Poker. Frustrating and not very profitable this month. My mindset was not good for poker. I constantly feel as though I’m going to lose hands. That’s not how I should play this game. My tough-mindedness gave way to indecision and defeat. I lost $108 accumulating FPPs on Poker Stars. I’m down $550 since December at $1/2. Not the end of the world, but certainly disappointing. This game is a mind game like no other. I have a lot to learn and study, even four years into this endeavor. My day will come. Why not tonight! I caught a few PokerXFactor videos and studied their patience, their calculations that go into pushing all in, calling or folding. I think my best game is in the tournament sphere, though I have still not won a big tournament yet. With the increased FPPs I’m winning, I should be able to buy into several of these $215 tournaments down the road. I’d also like to buy into some World Series of Poker satellites, too. I’ll study those videos and do what I can to win a seat again. That will be my top priority online this year. I also want to check out satellites for the Shooting Stars tournament. I need to earmark time for more live play, especially tournament play. I always seem to be stuck in small limit mode. Not fun.

I came back from Kansas City today. I spent the weekend there with mom at Jill & Chris’s. Jill’s second child Hayden spent a week in the NICU because he wasn’t getting enough oxygen. The baby was released this morning, much to Jill’s relief. It was an enjoyable weekend. I stayed with Jill two nights at the hospital. The room was comfortable. Jill had been an emotional mess throughout the week, but I think my presence with her at the hospital calmed her down. It was nice hanging out with her for a few days.

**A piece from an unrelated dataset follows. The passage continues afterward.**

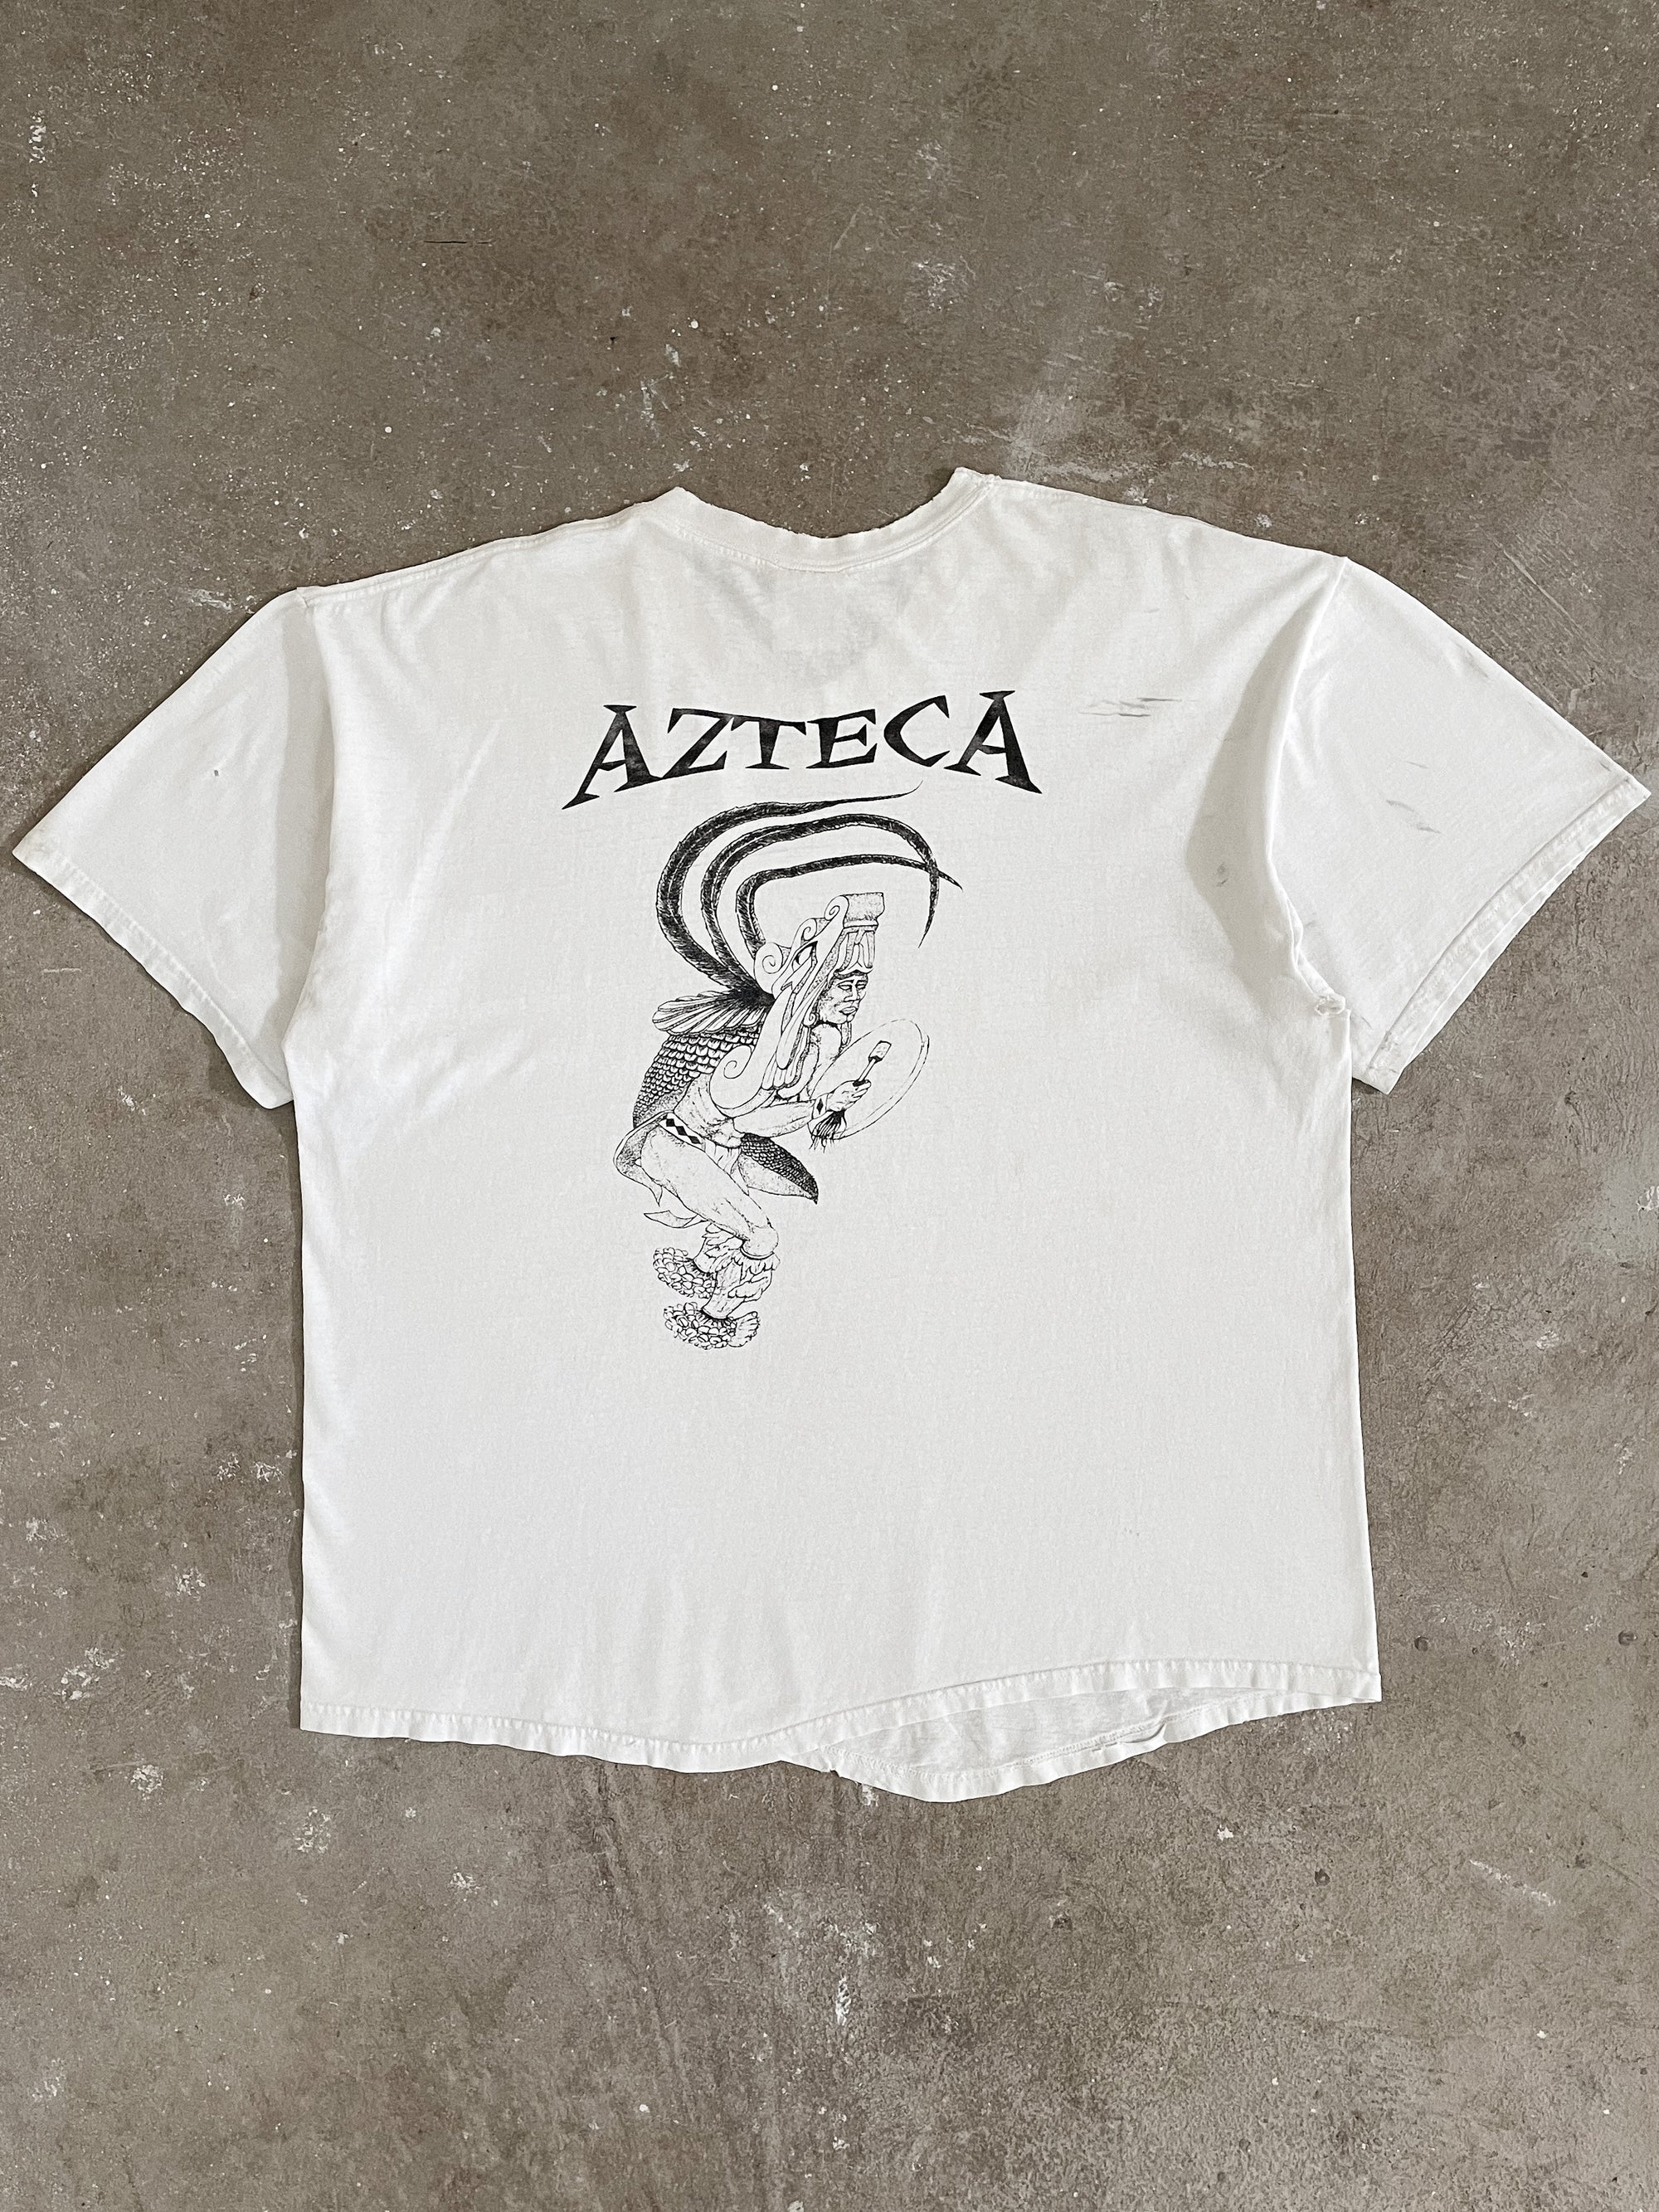 1990s “Azteca” Distressed Tee (XL)

China: I have to start preparing for this incredibly expensive but exciting trip. It’s going to be expensive, but I’ll figure out a way to pay for it. I really need to win at poker eventually. I do win live, but he rake is so much at the card clubs in Oakland. Playing $3/6 is hardly worth it, and playing larger stakes requires a larger bankroll. That’s my catch. Playing tournaments at Poker Stars will help.

My February goals have been written. I am determined to have the most successful month of my life starting now!